Students Experience
Life on a Cattle Ranch


For one special day, their classroom was a working ranch and their learning materials included several hundred head of cattle.

Recently a group of students from Archer Community School had the chance to participate in a real live cattle drive at a ranch just a few miles from their school. Atop a trailer covered in hay, the students watched as the cattle were herded from part of the ranch to another. They saw specially trained dogs work to keep the herd together and cheered as cowboys on horseback rounded up strays. For many of the students, it was a once-in-a-lifetime experience.

“It’s awesome,” said 4th-grader Brennan Mace. “I’ve never seen real cattle being herded before. It’s amazing.”

“They’re so excited,” said teacher Cherith Davenport. “From the minute we get off the bus and they see the horses and the drovers and the dogs, they’re just enthralled.”

Each year a new group of Archer students has the chance to visit Jack Simmons’ ranch and see the work that goes into raising cattle. Simmons says he hopes it gives them a better understanding of the agricultural industry.

“I think many of them believe that food just comes from Winn Dixie or Publix,” he said. “This lets them put their eyes on what really goes on.”

To prepare for their trip to the ranch, the students read a book called A Land Remembered by Patrick Smith, which tells the story of a boy and his family trying to scratch out a living on their Florida farm in the mid- to late-1800’s.

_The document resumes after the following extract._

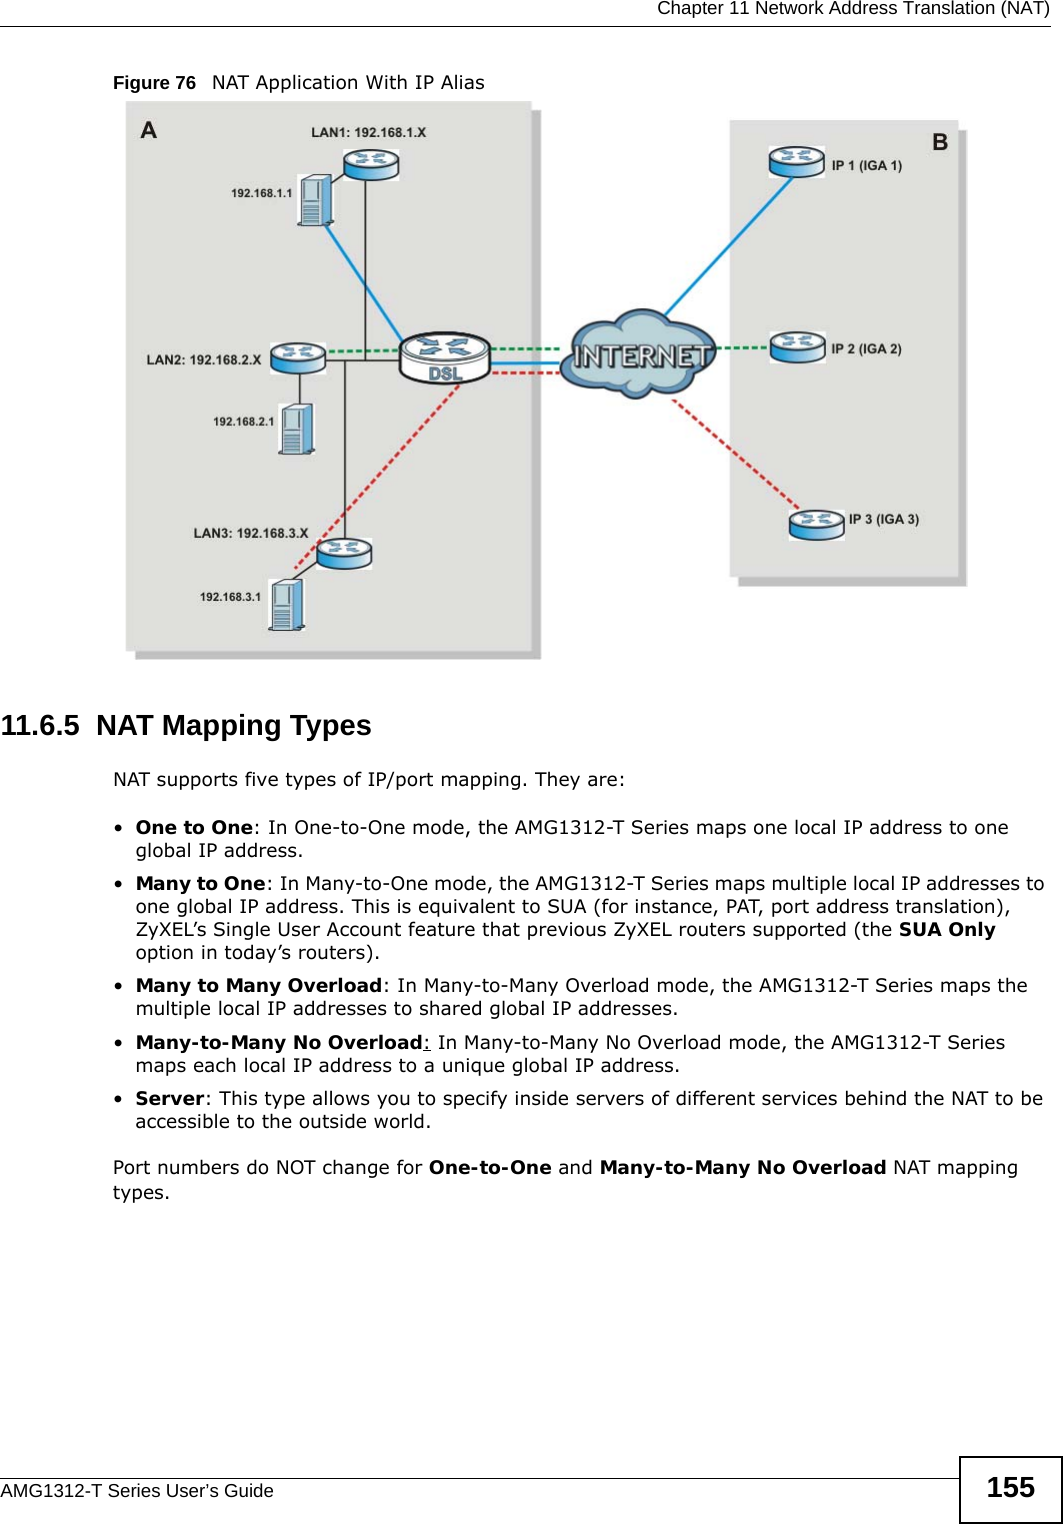  Chapter 11 Network Address Translation (NAT)AMG1312-T Series User’s Guide 155Figure 76   NAT Application With IP Alias11.6.5  NAT Mapping TypesNAT supports five types of IP/port mapping. They are:•One to One: In One-to-One mode, the AMG1312-T Series maps one local IP address to one global IP address.•Many to One: In Many-to-One mode, the AMG1312-T Series maps multiple local IP addresses to one global IP address. This is equivalent to SUA (for instance, PAT, port address translation), ZyXEL’s Single User Account feature that previous ZyXEL routers supported (the SUA Only option in today’s routers).•Many to Many Overload: In Many-to-Many Overload mode, the AMG1312-T Series maps the multiple local IP addresses to shared global IP addresses.•Many-to-Many No Overload: In Many-to-Many No Overload mode, the AMG1312-T Series maps each local IP address to a unique global IP address.•Server: This type allows you to specify inside servers of different services behind the NAT to be accessible to the outside world.Port numbers do NOT change for One-to-One and Many-to-Many No Overload NAT mapping types.

“I’m hoping that the pictures they form in their heads from reading the novel will come to life,” said Davenport. “They’ll see that those pictures are here, in their own backyard.”

“It’s pretty cool,” said 4th-grader Savannah Johnson. “We actually get to see the live thing, and not just see it in our minds."

Like the characters in the book, the students prepared their own meal for the day. While at school they learned how to make beef jerky, bake biscuits, even churn their own butter. Davenport says the students enjoyed the food that much more because they’d prepared it themselves.

“They loved what they fixed,” she said. “They also got a real sense of what the pioneers had to go through and they really appreciate that now.”